Solve the previous problem if the coefficient of restitution is *e*. \[\text{ Use } \theta = 45^\circ\, e = \frac{3}{4} \text{ and h = 5 m } .\]

#### Solution

Given:

The angle of inclination of the plane, θ = 45°

A ball falls on the inclined plane from a height (h) of 5 m*.*

The coefficient of restitution,\[e = \left( \frac{3}{4} \right)\]

The velocity with which ball strikes the inclined plane is given as,

\[v = \sqrt{2g \times 5} = 10 m/s\]

The ball makes an angle β with the horizontal, after the collision.

The horizontal component of velocity, 10cos45° remains unchanged.

However, the velocity in perpendicular direction to the plane after the collision will now be:

\[v_1 = e \times 10 \sin45^\circ\]

\[ = \left( \frac{3}{4} \right) \times 10 \times \frac{1}{\sqrt{2}}\]

\[ = (3 . 75) \sqrt{2} m/s\]

=\[\text{ Similarly,} v_2 = 5\sqrt{2}\text{m/s} \]

\[\text{ Now,} \]

\[u = \sqrt{v_2^2 + v_1^2}\]

\[ = \sqrt{50 + 28 . 125}\]

\[ = \sqrt{78 . 125}\]

\[ = 8 . 83 \text{m/s}\]

Angle of reflection from the wall is given as,

\[\beta = \tan^{- 1} \frac{(3 . 75\sqrt{2})}{5\sqrt{2}}\]

\[ = \tan^{- 1} \left( \frac{3}{4} \right) = 37^\circ\]

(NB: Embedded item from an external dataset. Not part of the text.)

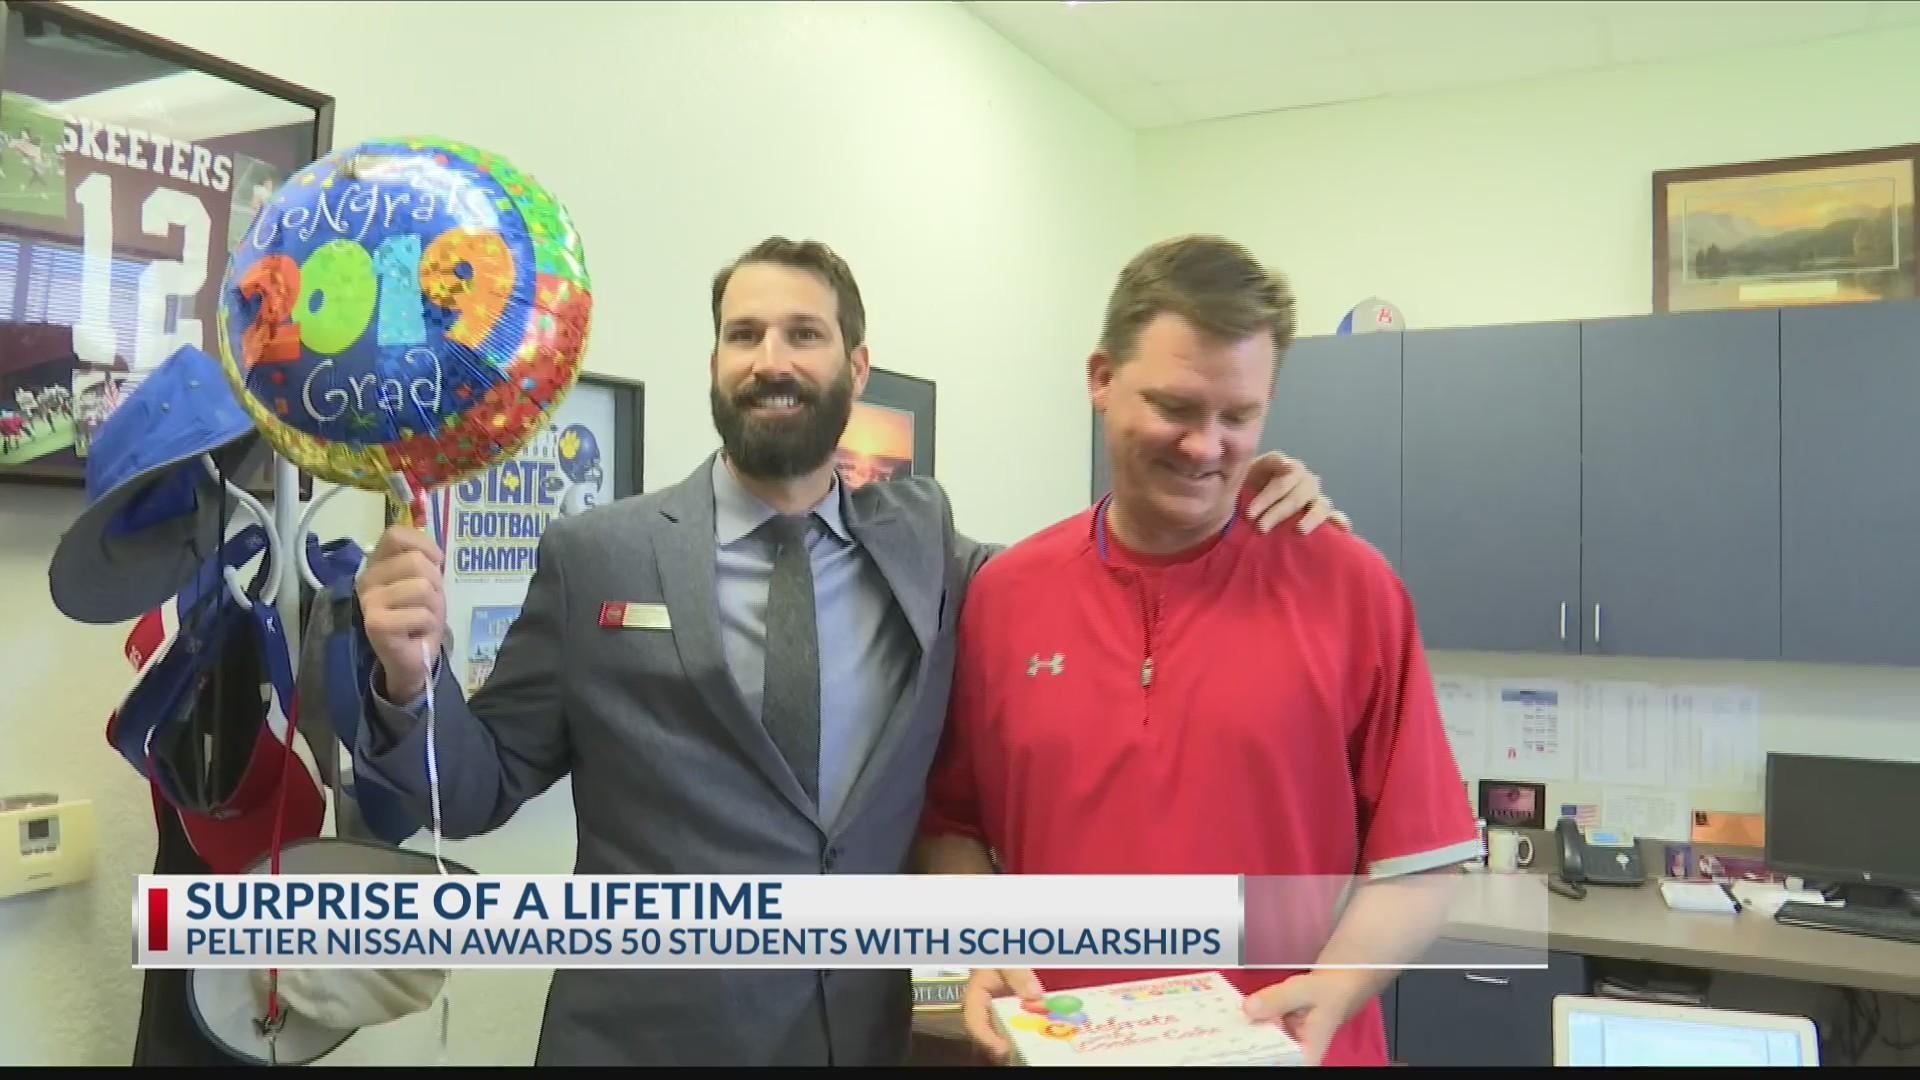 Peltier Tyler Tx >> Peltier Nissan Surprises East Texas Students With Scholarships

Angle of projection α = 90 − *(θ + β)*

\[\Rightarrow\] α = 90° − (45° + 37°) = 8°

Let the distance where the ball falls after the collision be *L.⇒ x = L *cos

*θ*

Angle of projection (

*α*) = −8°

Now,

*Y*= \[x \tan \alpha - \frac{g x^2 se c^2 \alpha}{2 u^2}\]

\[\Rightarrow\] −L sin θ = L cos θ × tan 8° \[- \frac{g}{2}\frac{L^2 \cos^2 \theta \sec^2 80^\circ\ }{(u )^2}\]

\[\Rightarrow - \sin 45^\circ = \cos 45^\circ \times \tan 8^\circ - \frac{10 \cos^2 45 \sec^28^\circ }{(8 . 83 )^2}\]

On solving the above equation, we get:*L *= 18.5 m